Press Release | December 2, 2014

Date: 
December 02, 2014

Majoros Receives National Advocacy Award

Jackie Majoros, the State Long Term Care Ombudsman for Vermont, received the Cernoria Johnson Memorial Advocacy Award at the National Consumer Voice for Quality Long-Term Care (Consumer Voice) Annual Conference in Arlington, Virginia on November 16. The award recognizes Majoros for work that has had national impact, is a model for national excellence and/or exemplifies accomplishment in her field.

Majoros has served as Vermont’s State Long Term Care Ombudsman and as director of the Vermont Ombudsman Project at Vermont Legal Aid since 1996. Before that, she was a staff attorney in Vermont Legal Aid’s Senior Citizens Law Project, where she represented individuals and groups in federal and state courts and before administrative agencies.

In remarks made after she accepted the award, Majoros acknowledged the other advocates in the audience and her team of ombudsmen in Vermont for working so hard over the years to improve the quality of care for people receiving long term care services and supports.

“When I met with clients as a lawyer in the Senior Citizens Law Project, we didn't talk about how lonely they were, that they were told to wear a diaper because the staff didn't have time to take them to the toilet, or that they hadn't had a bath since they moved to the home. They didn't show me thepressure sores on their heels or the bruises on their shins. They didn't tell me that they spent the night in their wheelchair because their home health aide didn't show up or that they hadn't seen their homemaker in two weeks,” Majoros said.“I am hopeful that by working individually and together, we can reform our long term care system so that stories like these no longer need to be told.”

As the State Long Term Care Ombudsman, Majoros advocates for individuals in facilities and in the community who need long term care services and supports. She has served on numerous work groups, legislative task forces and study committees. Currently, she is a member of the Vermont Health Care Innovation Project Steering Committee and Vermont’s Medicaid and Exchange Advisory Board, where she represents the interests of individuals who need long term services and supports as Vermont moves toward a single payer health care system.

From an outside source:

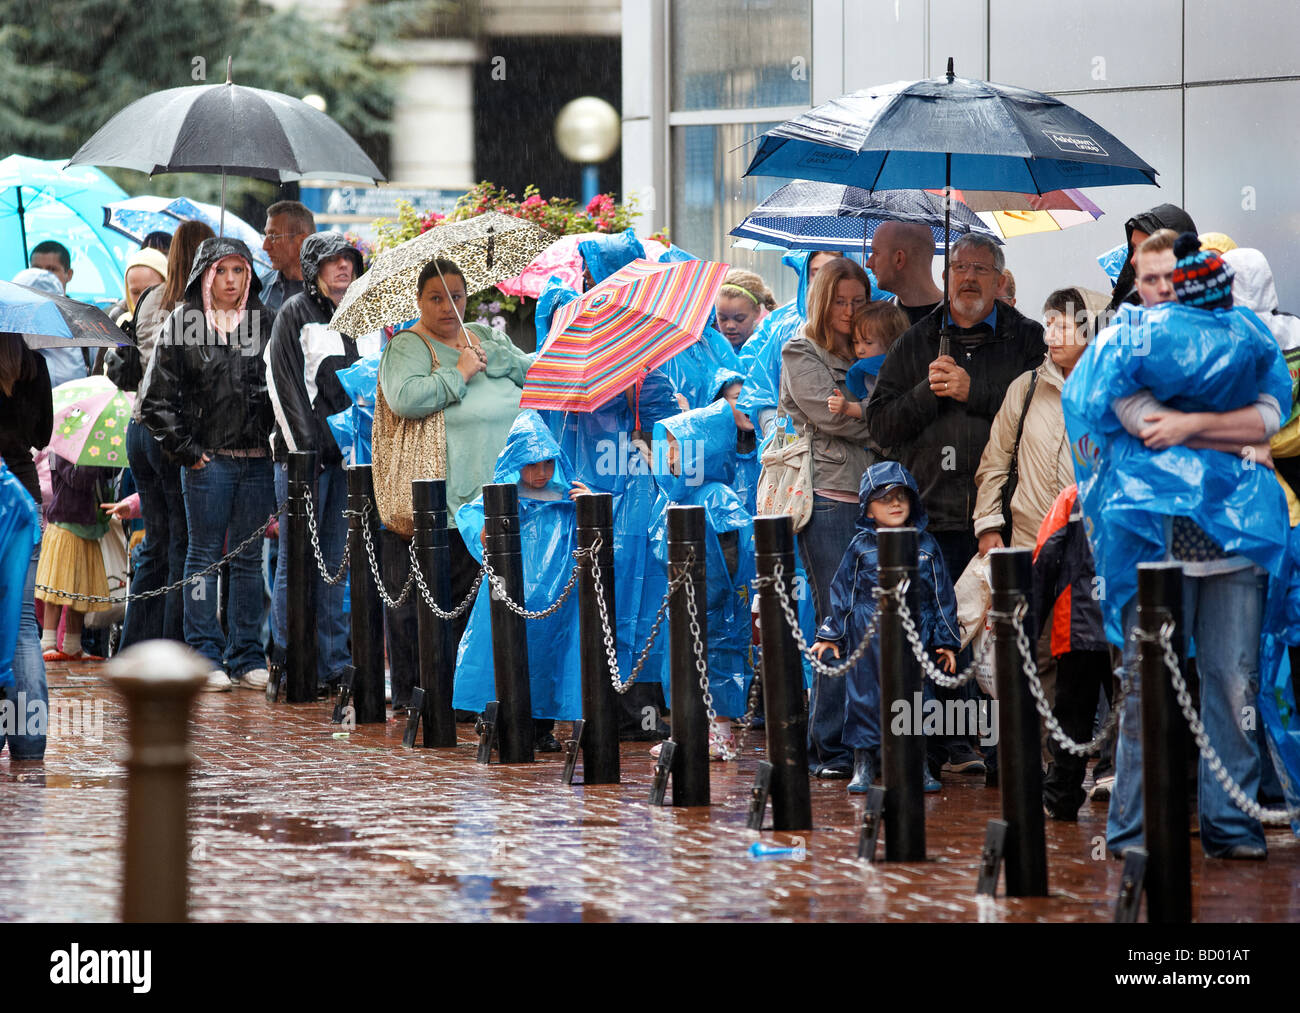 Visitors to the Sealife Centre in Birmingham, UK, queue outside in the rain. Stock Photo

Becky Kurtz, director of the Office of Long Term Care Ombudsman Program in the Administration for Community Living, presented the award to Majoros. Kurtz said that Majoros’ work has had a national impact. “As federal agencies recently looked at models for consumer assistance within Medicaid managed long-term care services and supports, we reached out to Jackie. We wanted to learn from her experience.”  Kurtz also cited several examples of Majoros’ work to benefit older adults and individuals with disabilities in Vermont.

Among those accomplishments, Majoros helped to envision the transformation of Vermont’s long term care services and supports system from a nursing home-focused model to the Choices for Care Program that provides options for consumers. She also advocated during the Program’s implementation to ensure that the rules and procedures protected consumer rights and provided for self-direction. Vermont’s Choices for Care Program has served as a model for many states across the country.

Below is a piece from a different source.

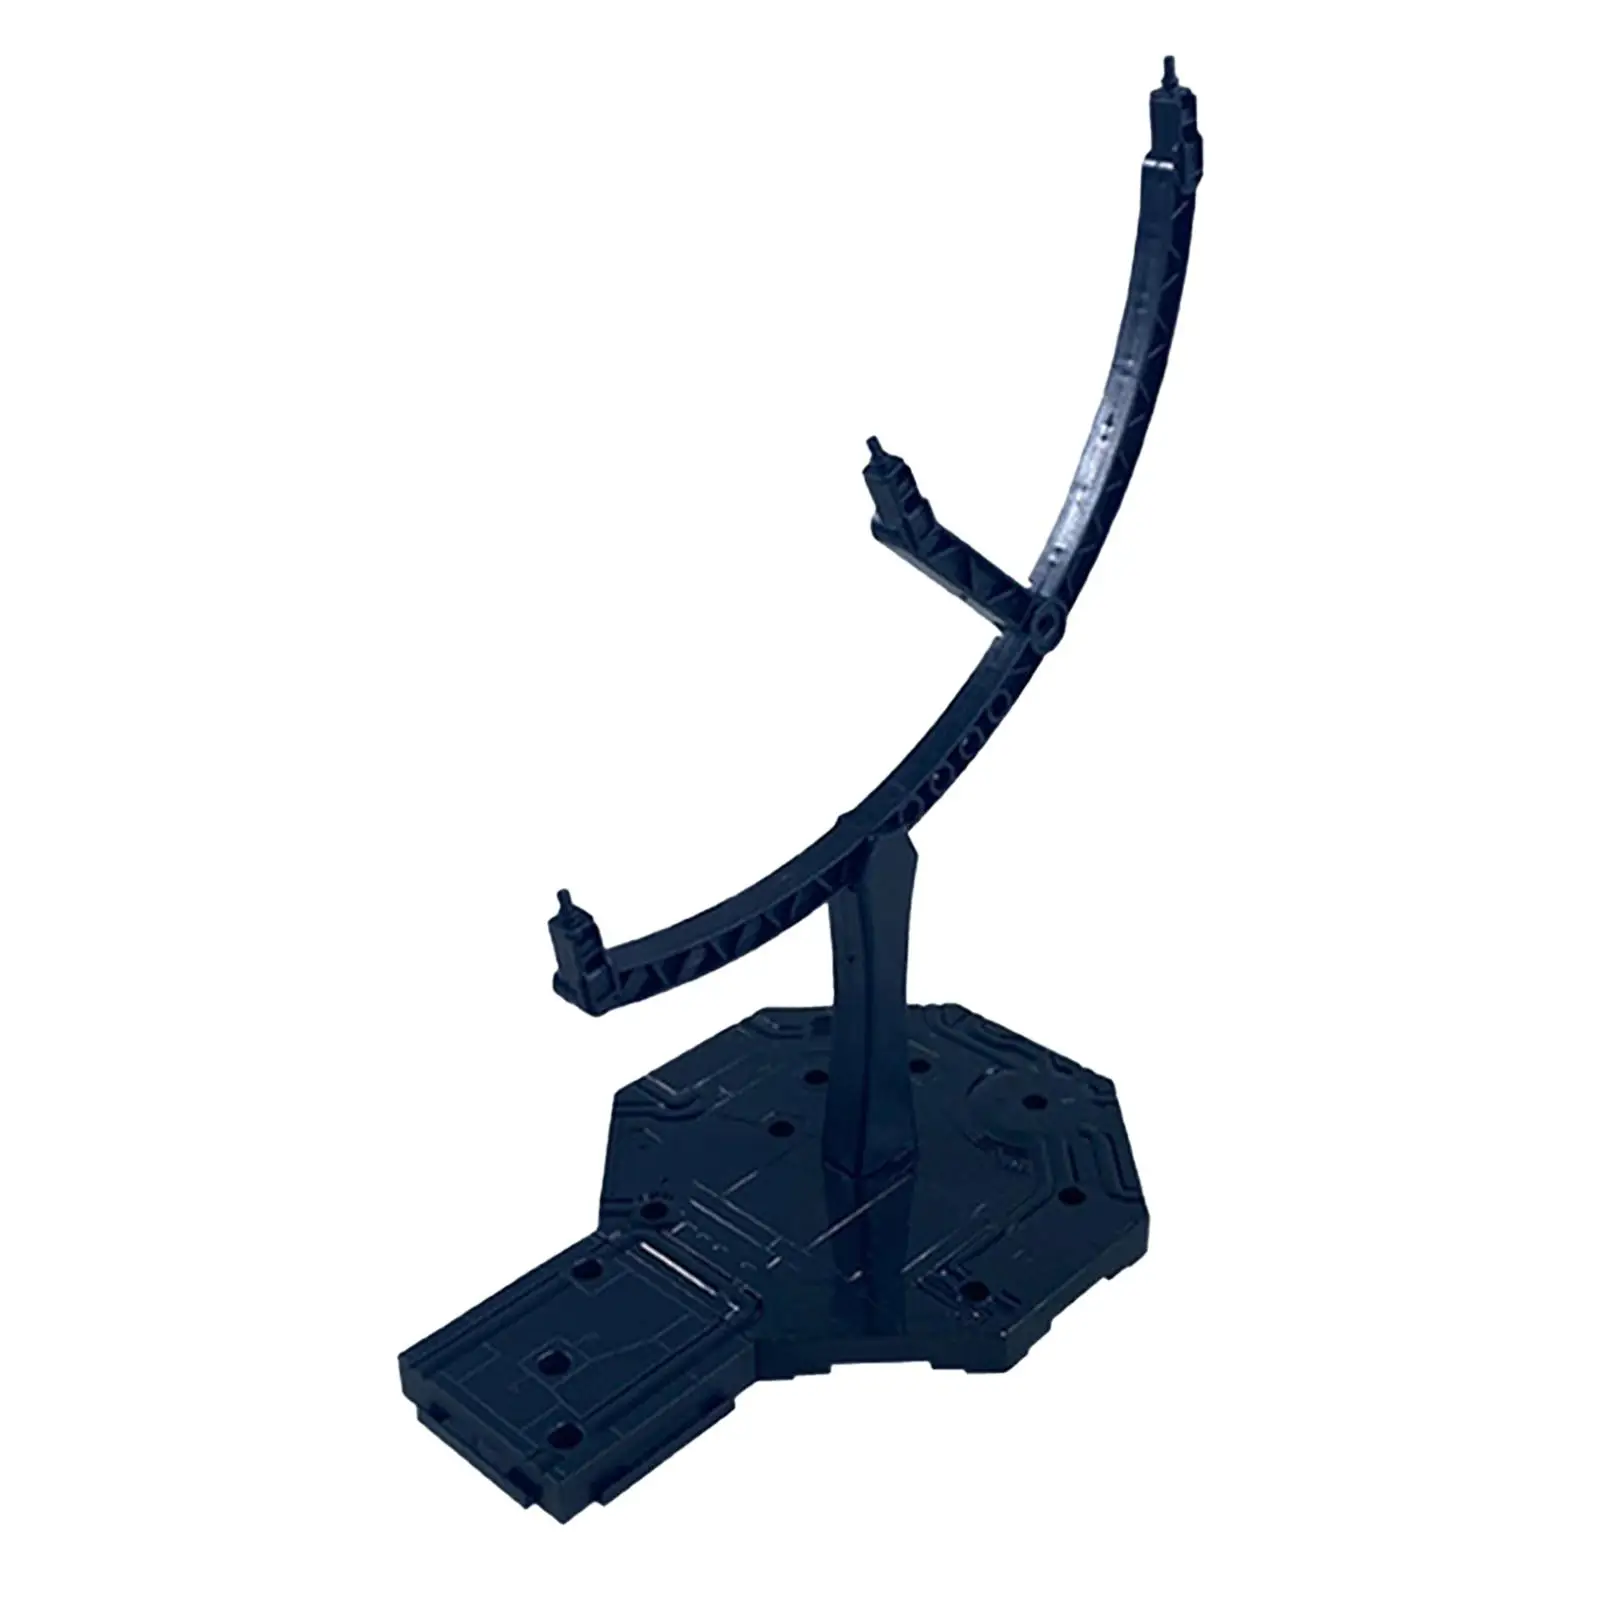 Action Figure Display Base Rack Durable Lightweight Showcasing Sturdy Support

In addition, Majoros has worked to strengthen Vermont’s home health licensing regulations, advocated to improve adult protective services, worked to reform Vermont’s guardianship system, and championed the state’s advance care planning laws.

“Jackie and the small staff and group of volunteer ombudsmen she manages are making an incredible difference in the lives of vulnerable Vermonters who need long term care services and supports,” said Eric Avildsen, executive director of Vermont Legal Aid. “Jackie and the other ombudsmen made more than 1,000 visits to long term care facilities and investigated 521 complaints last year alone. Jackie’s leadership ensures that Vermonters have more choices about how they spend the last years of their lives.”

The National Consumer Voice for Quality Long-Term Care was formed as the National Citizens' Coalition for Nursing Home Reform in 1975 to address public concern about substandard care in nursing homes. The organization represents consumers on issues related to long term care, working to ensure that consumers are empowered to advocate for themselves. The Cernoria Johnson Memorial Advocacy Award is named for Cernoria McGowan Johnson (1909-1990), who set up the national program of Nursing Home Ombudsmen in 1974.

Vermont Legal Aid is a statewide, non-profit law firm that provides free civil legal information, advice and representation and works to promote fairness and justice in the civil legal system. Vermont Legal Aid partners with Legal Services Law Line of Vermont to maintain a website (www.vtlawhelp.org) that provides information and resources to help Vermonters resolve common civil legal problems.